This is a case of an increase in a variable cost since the firm only needs petroleum when it is manufacturing plastic knobs. As shown in the graph below, when a variable cost increases there are several immediate short run effects even within individual firms.

From the firm's point of view, price increases, it reduces output and incurs losses. Notice that among all the possible choices given below only one even has price increasing.

16. Suppose that the price of petroleum increases. In the short run within individual firms in the plastic knob industry we would observe that:
  1. price increases, output falls, and firms incur losses.
  2. price falls, output increases, and firms incur losses. Price falls and output increases in the short run only when demand falls or when production costs fall.

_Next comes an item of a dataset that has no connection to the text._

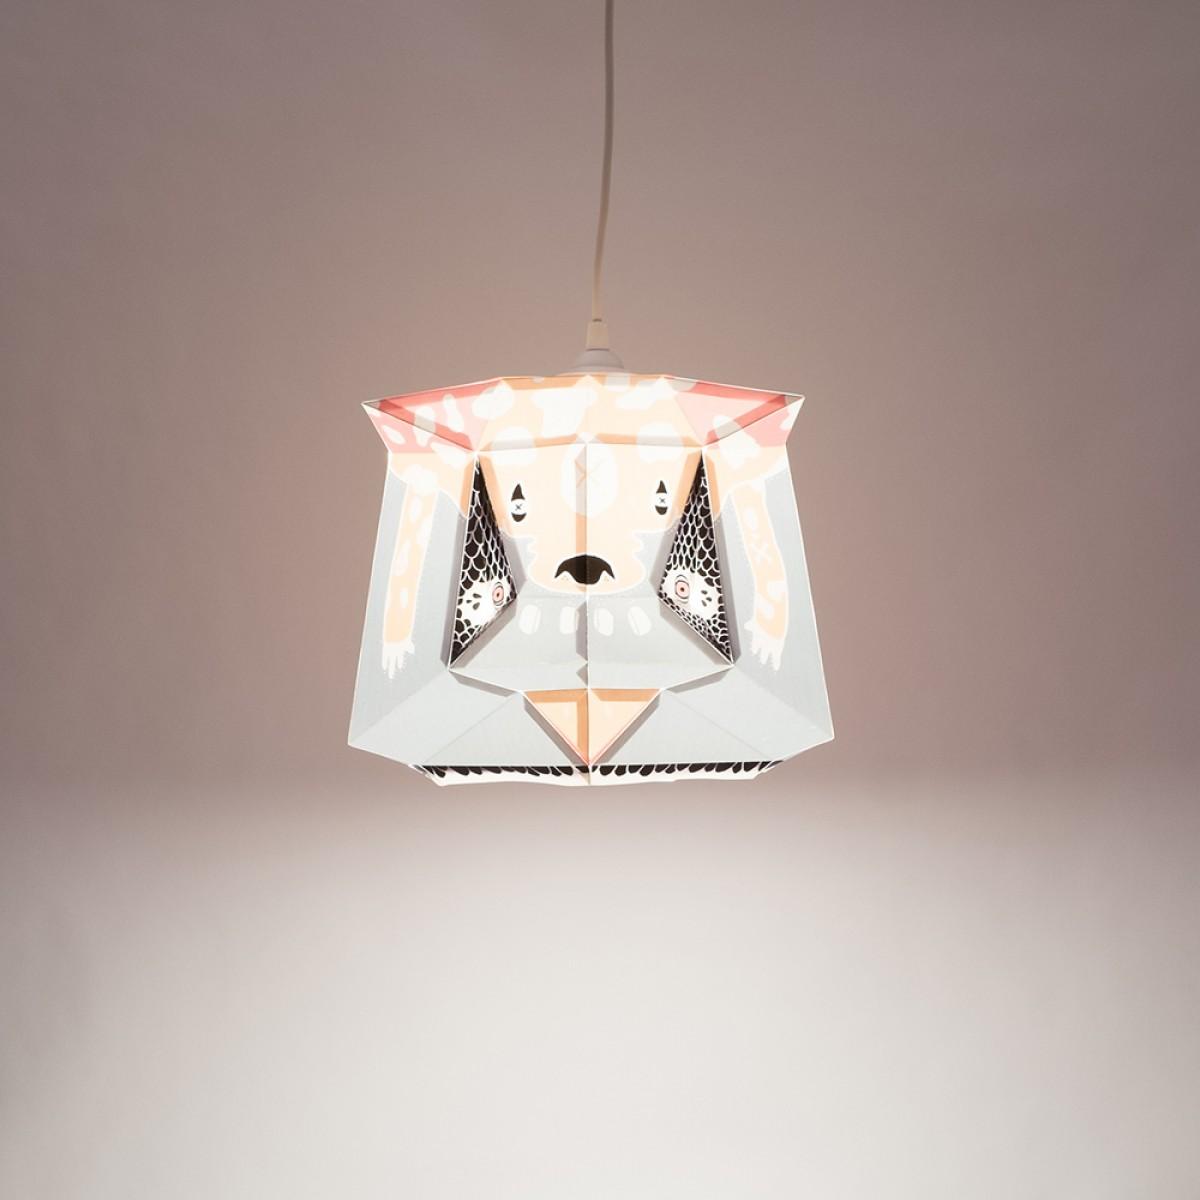 Chapa Medium X BOICUT – Ein Lampenschirm, ein Poster oder etwas Anderes... Du machst es selbst !
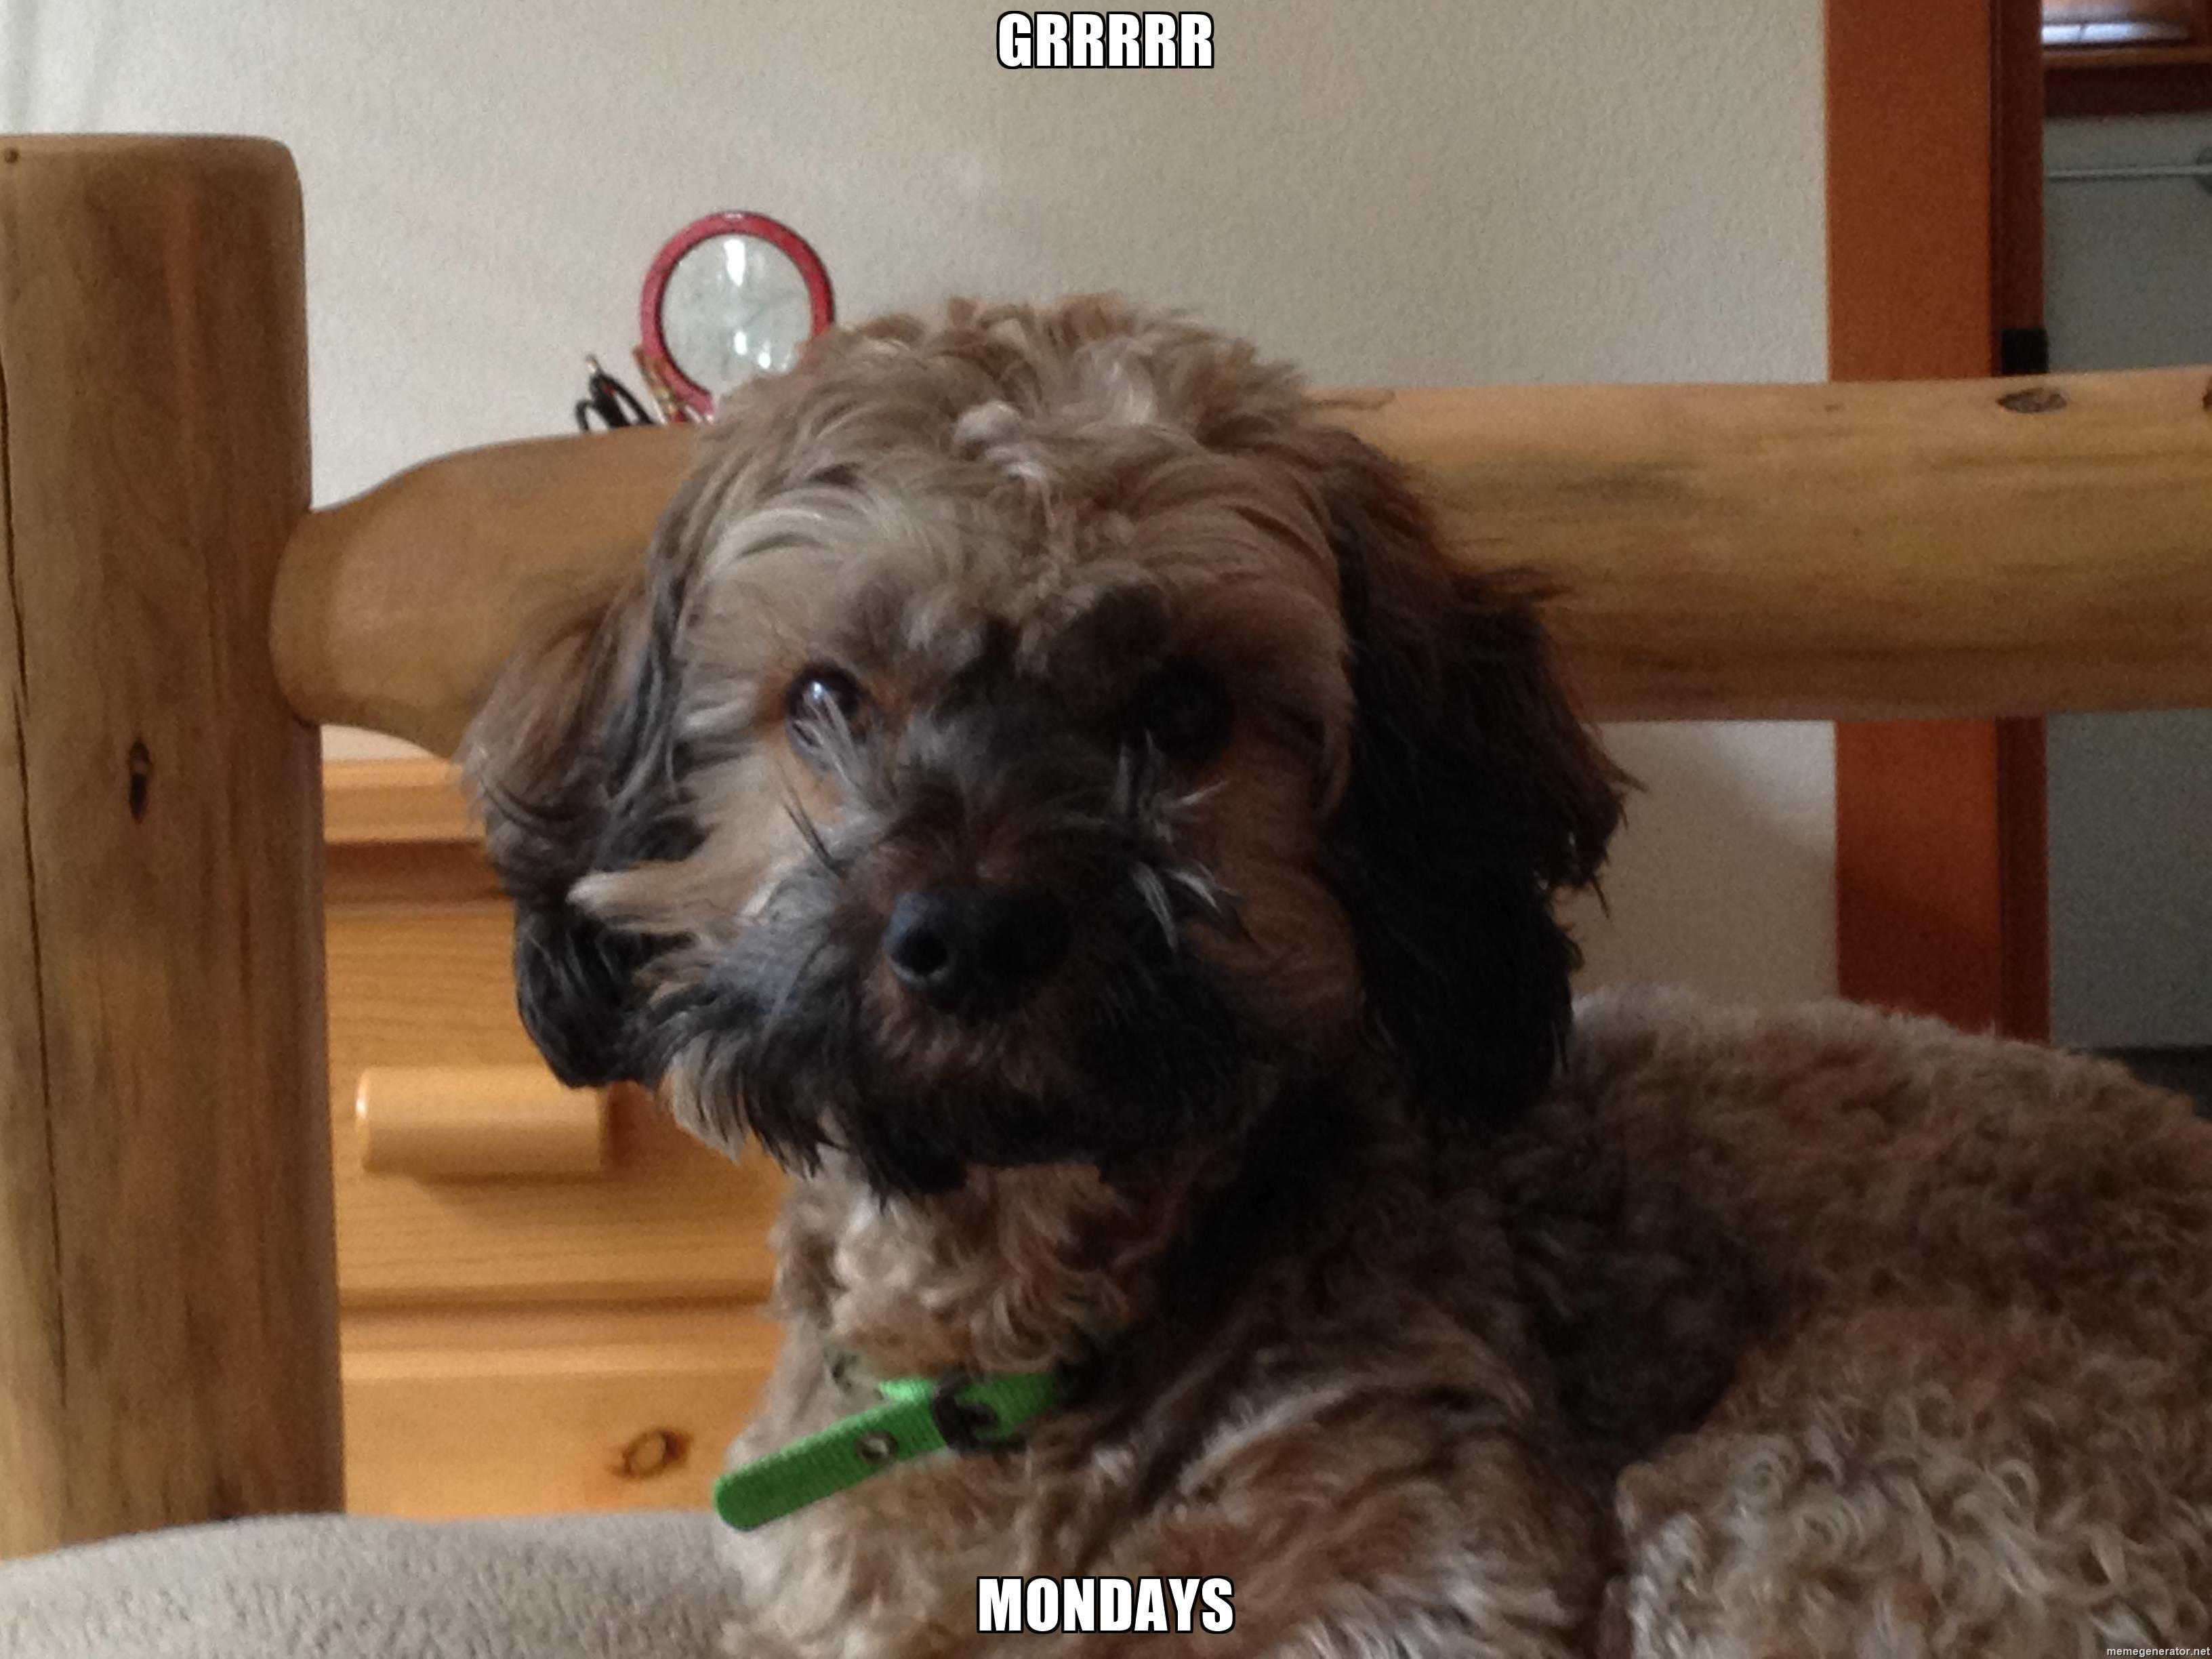 Grrrrr mondays mondaypoodle pup poodle dogs

Neither of these would lead to short run losses, both would lead to short run profits.
  3. price falls, output increases, and firms earned zero profit. Price falls and output increases in the short run only when demand falls or when production costs fall. Neither of these would lead to zero profits in the short run.
  4. price stayed unchanged, output falls, and firms incur losses. Price stays unchanged only when fixed costs alone change, and in this case output also stays unchanged. Based on the explanation given for the use of petroleum it must be a variable cost.
  5. price stayed unchanged, output rises, and firms incur losses. Price stays unchanged only when fixed costs alone change, and in this case output also stays unchanged.